Unlike connecting Ethernet switches or routers, however, connecting Fibre Channel fabrics is not as simple as cabling ports together. The fabric services that the Fibre Channel architecture provides require special attention to ensure interoperability and stability of the storage network as more Fibre Channel switches are combined into a single network.
This article examines Fibre Channel fabric extension and reviews an alternative approach to SAN connectivity: SAN internetworking.
Fibre Channel basics
Fibre Channel fabrics are self-configuring. When a Fibre Channel end device such as a storage array is attached to a Fibre Channel switch, it must log on to the switch to receive a unique 24-bit network address, which is used for routing data through the fabric from one device to another. As shown in the table, the three-byte address is composed of Domain, Area, and Port fields. For the purposes of fabric building, the most significant byte (Byte 0) typically identifies a single fabric switch. After subtracting reserved addresses, there are 239 possible Domain identifiers for individual fabric switches, which is the maximum number of switches that could theoretically be joined in a single Fibre Channel network.
In Fibre Channel, a three-byte network address includes Domain, Area, and Port fields.
With a unique Domain identifier, a fabric switch can allocate the remaining two bytes (Area and Port) to provide approximately 64,000 addresses (256 x 256) for individual devices. Because the fabric switch is responsible for issuing unique network addresses to end devices, the end devices do not require manual address administration. In practice, however, SAN administrators are often forced to verify or assign preferred addresses due to specific requirements of particular host bus adapters (HBAs) or storage arrays.
If each Fibre Channel switch is responsible for automatically assigning unique addresses to its end devices, there must also be some mechanism to ensure each fabric switch has a unique Domain identifier.
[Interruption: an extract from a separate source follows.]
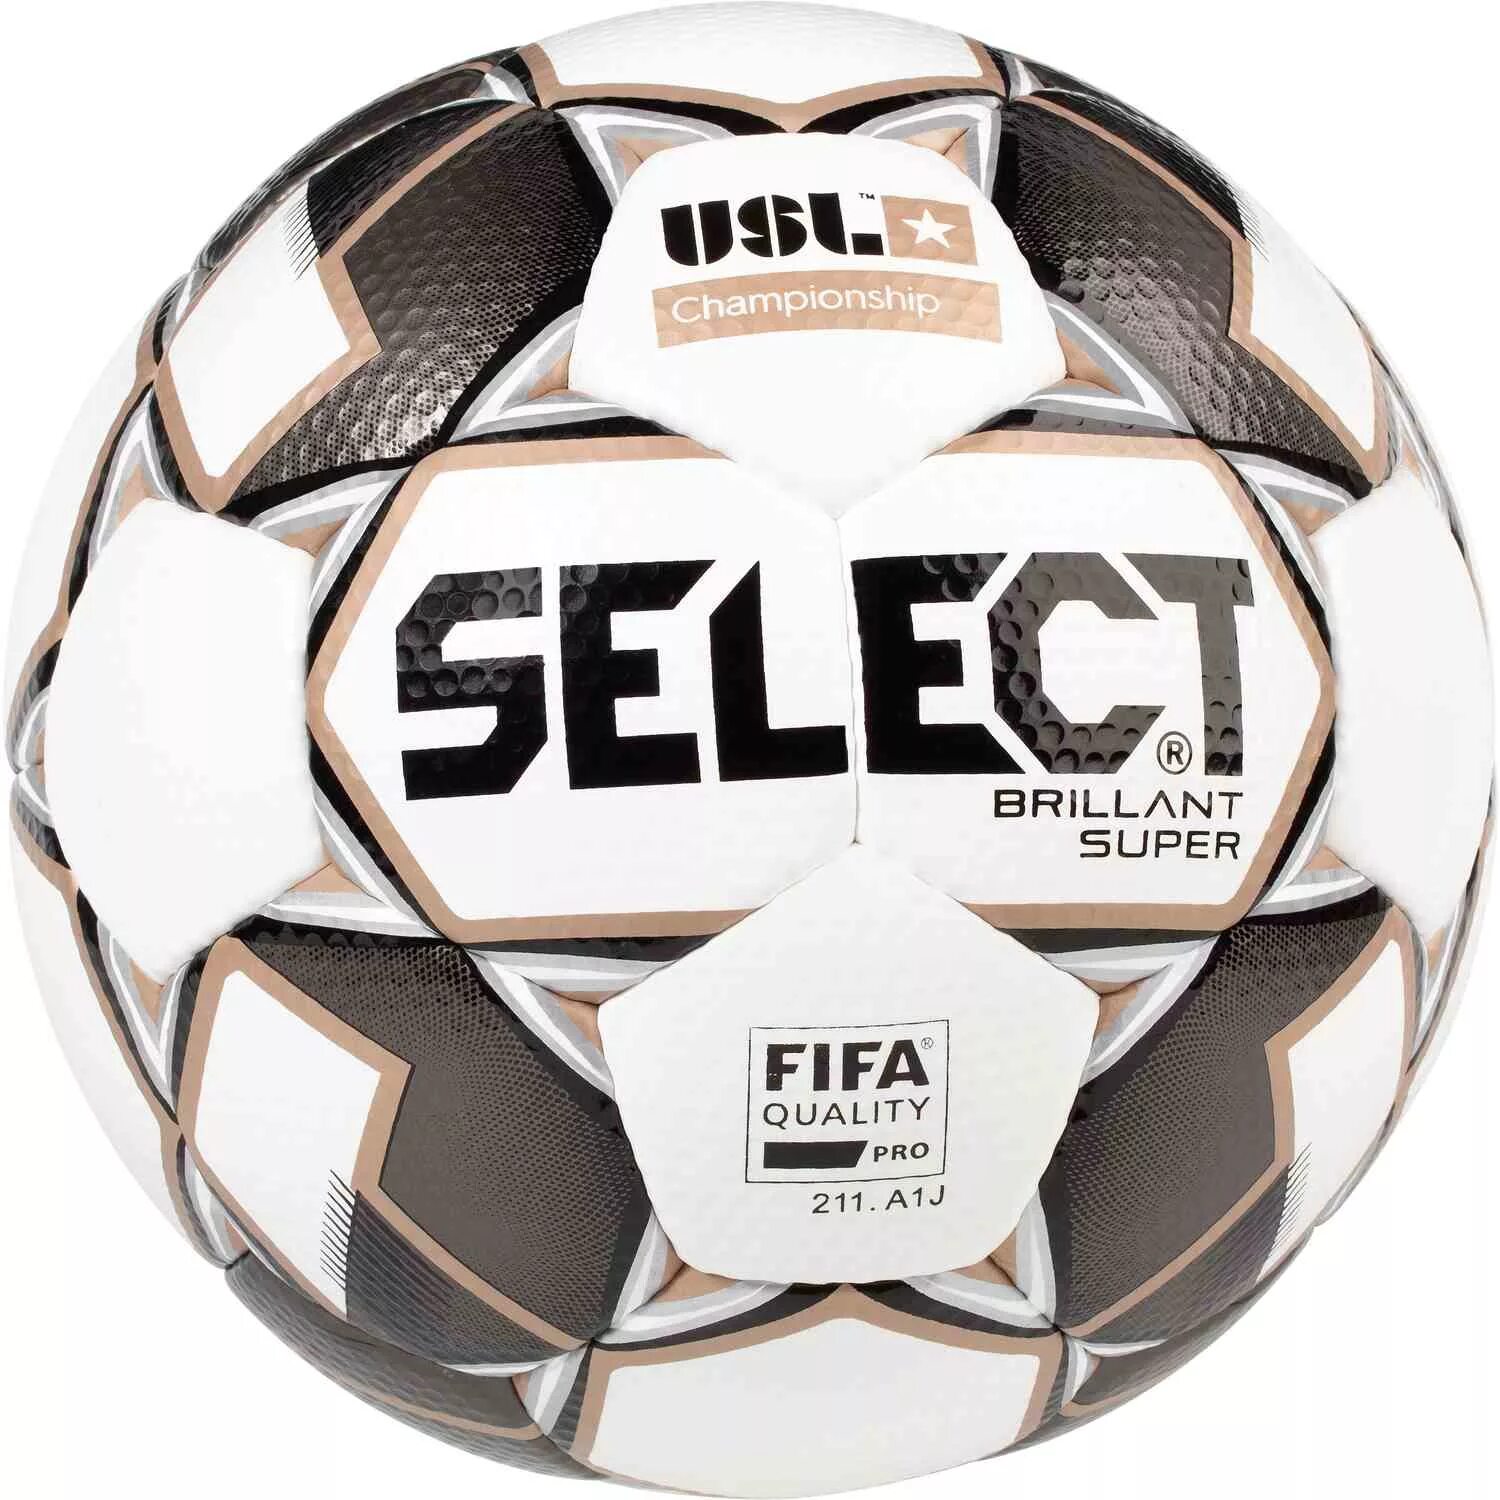 Select brillant super мяч. Мяч select USL brillant super. Мяч футбольный select Brilliant super Size 5. Select 5 brillant Brilliant super. Футбольный мяч select

This is accomplished through a process known as principal switch selection. This process determines which switch will act as master in the newly configured SAN and oversee the allocation of unique blocks of addresses to each switch. Without a principal switch selection process, two switches could inadvertently maintain the same Domain identity, which would result in duplicate addressing in the network and misrouting of data.
During the principal switch selection procedure, one of two types of fabric building will occur. A non-disruptive Build Fabric event will try to preserve existing Domain identities for each switch and thus not require reassignment of address blocks. A disruptive Build Fabric event, by contrast, may cause some switches to acquire a different Domain identifier. This disruptive fabric reconfiguration, in turn, mandates that each attached end device re-login to the fabric to acquire new network addresses. Any time two or more fabric switches with identical Domain identifiers are connected together, a disruptive fabric reconfiguration is necessary to avoid address duplication.
Ironically, the automatic addressing and self-governing functionality that a Fibre Channel architecture implements to simplify network convergence is making storage networking more problematic. Disruptive fabric reconfiguration has become an issue for customers who are attempting to build large Fibre Channel fabrics or who are extending Fibre Channel fabrics over distance.
Fibre Channel SAN extension
The principal switch selection process is invoked whenever a potential addressing conflict occurs between two or more joined fabric switches. Whether two switches are separated by a few feet within a data center or by hundreds of miles between remote sites, establishing a connection between their expansion ports may trigger a fabric reconfiguration. A stretched fabric connection such as E_Port connectivity over a wide area network, however, is vulnerable to both disruptive fabric reconfigurations initiated by local site events and by those initiated by disruptions in the WAN transport.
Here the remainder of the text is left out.